Problem: Please give back the listing below word for word, without the images.

---------- Collected material ----------

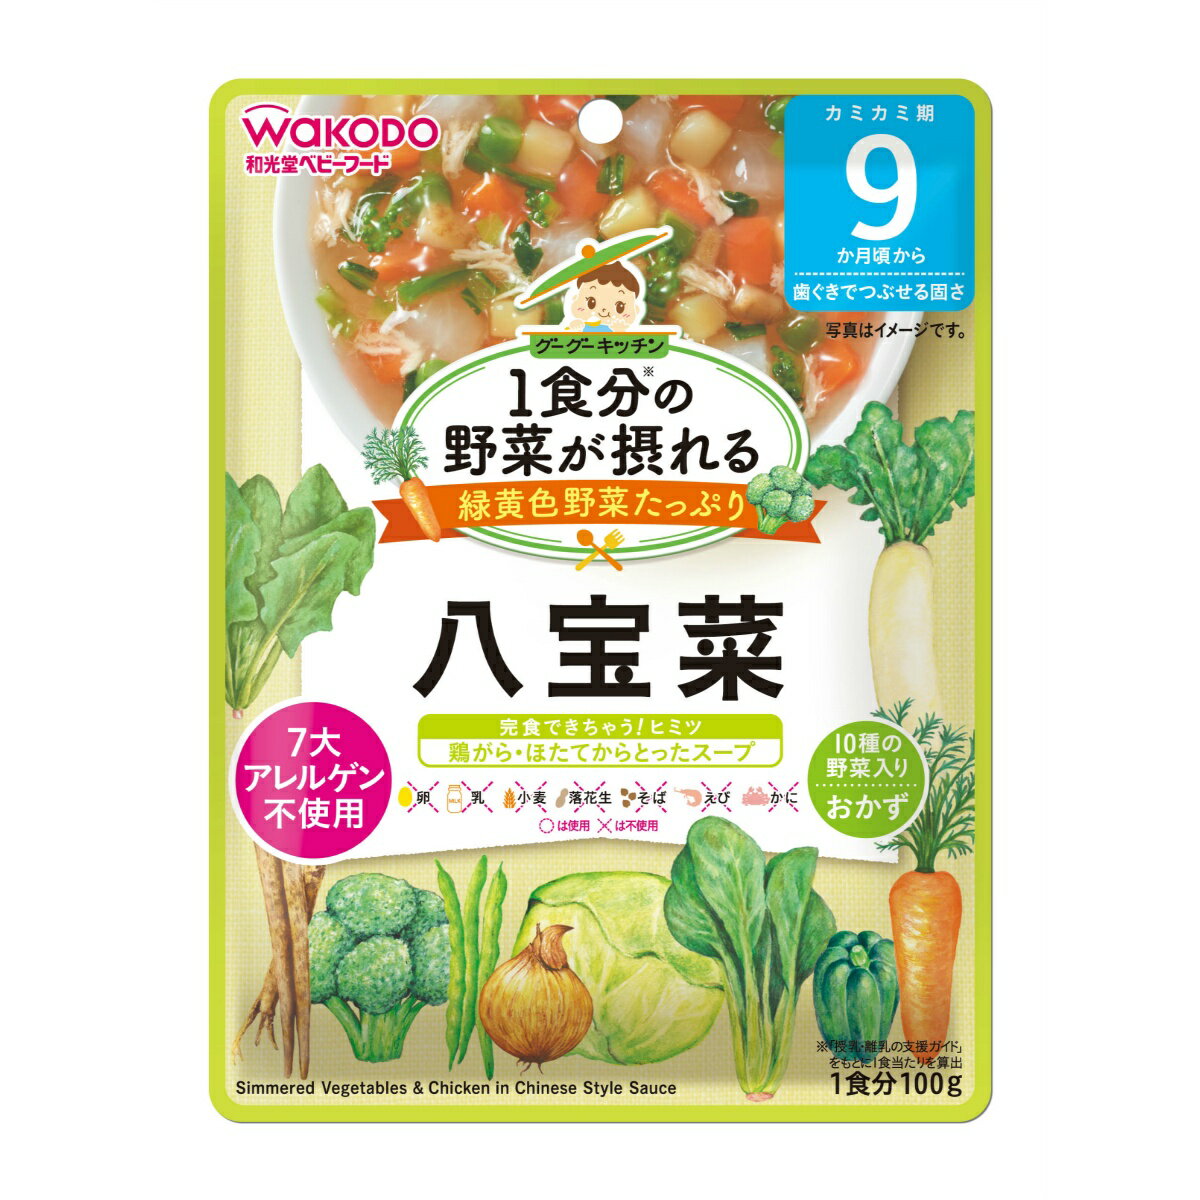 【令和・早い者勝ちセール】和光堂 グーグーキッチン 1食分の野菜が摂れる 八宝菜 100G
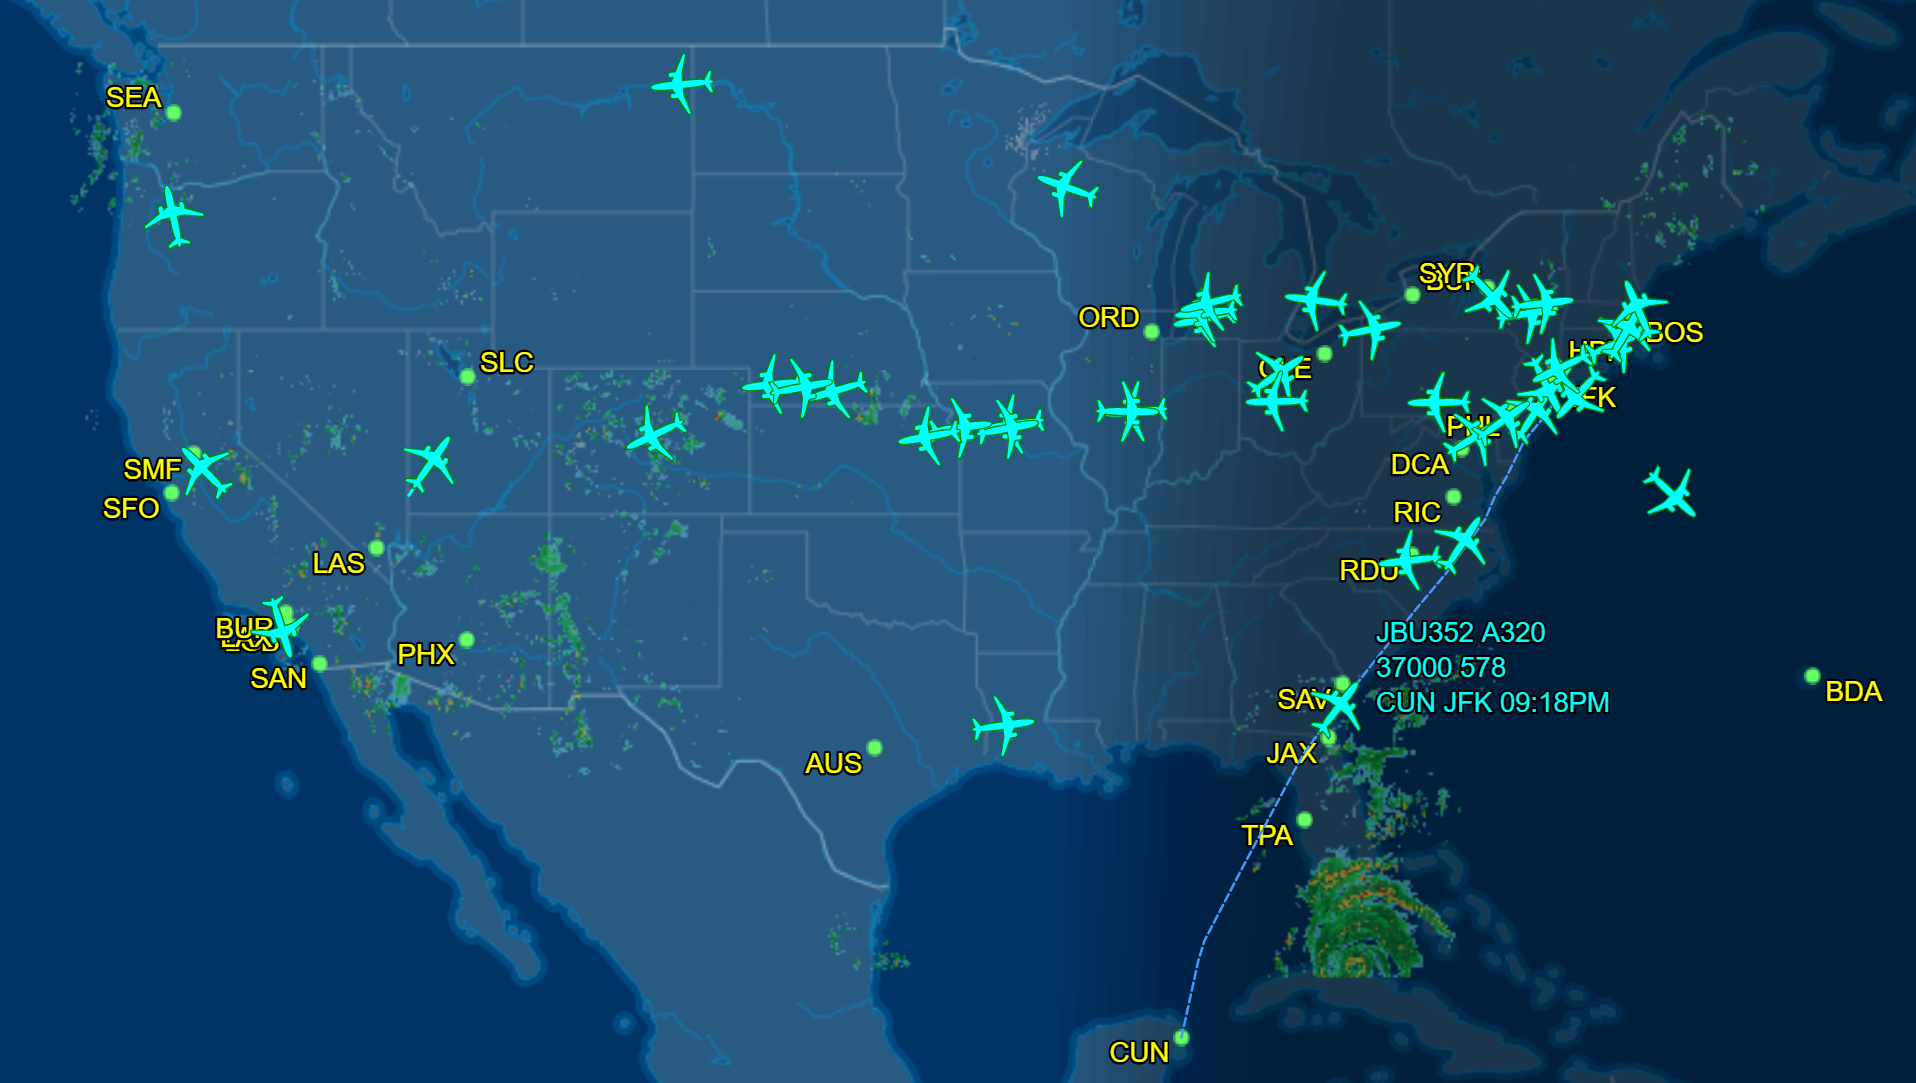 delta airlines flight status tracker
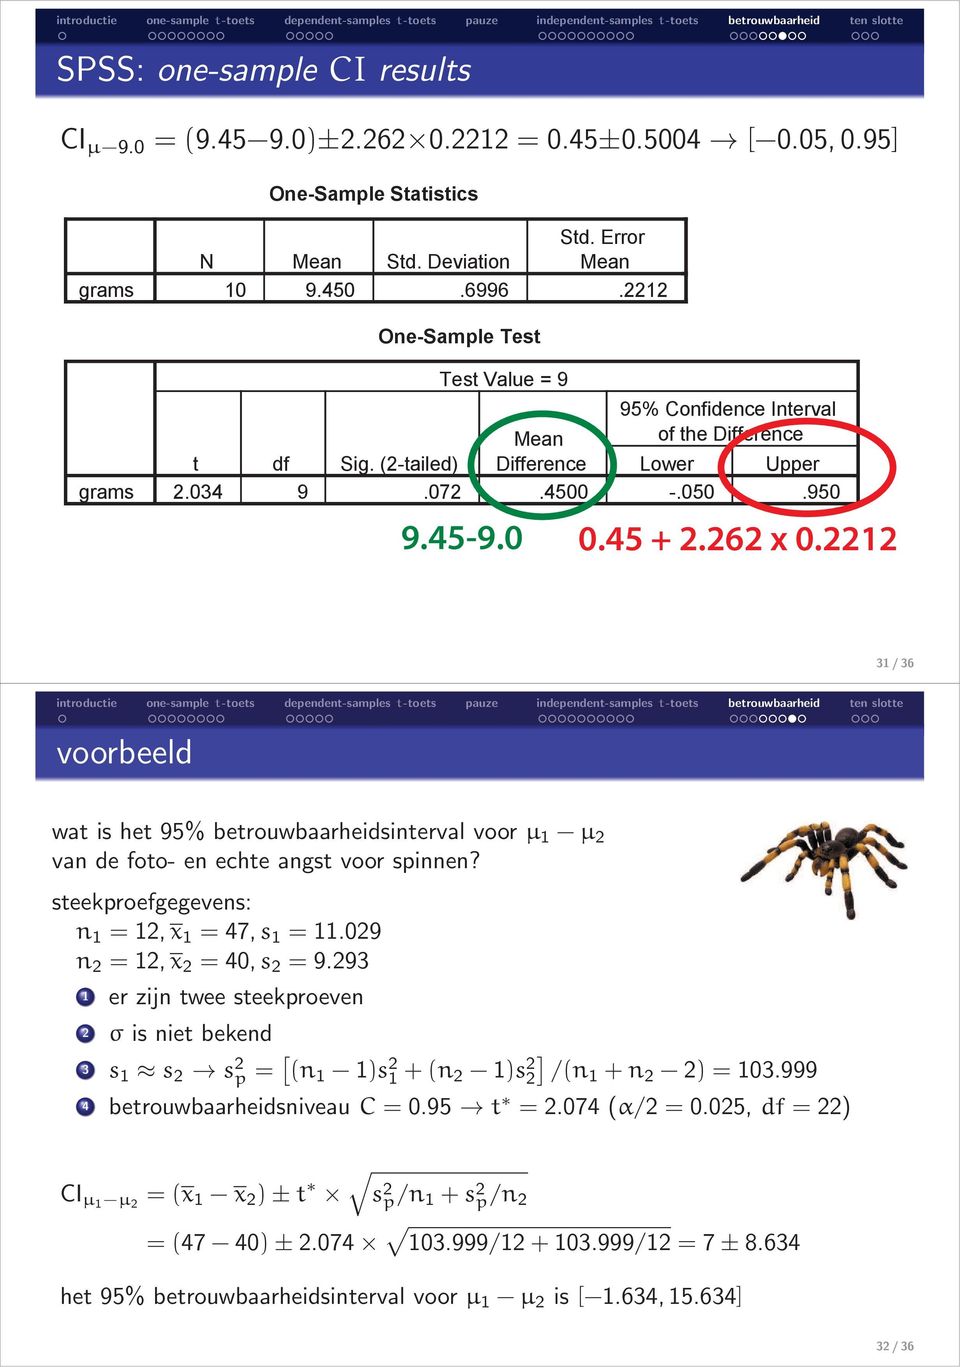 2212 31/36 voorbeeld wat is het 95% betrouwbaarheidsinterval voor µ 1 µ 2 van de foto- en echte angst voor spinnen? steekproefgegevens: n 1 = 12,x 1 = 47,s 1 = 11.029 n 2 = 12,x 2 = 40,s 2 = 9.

----------

Task result:
 【令和・早い者勝ちセール】和光堂 グーグーキッチン 1食分の野菜が摂れる 八宝菜 100G
 delta airlines flight status tracker
 2212 31/36 voorbeeld wat is het 95% betrouwbaarheidsinterval voor µ 1 µ 2 van de foto- en echte angst voor spinnen? steekproefgegevens: n 1 = 12,x 1 = 47,s 1 = 11.029 n 2 = 12,x 2 = 40,s 2 = 9.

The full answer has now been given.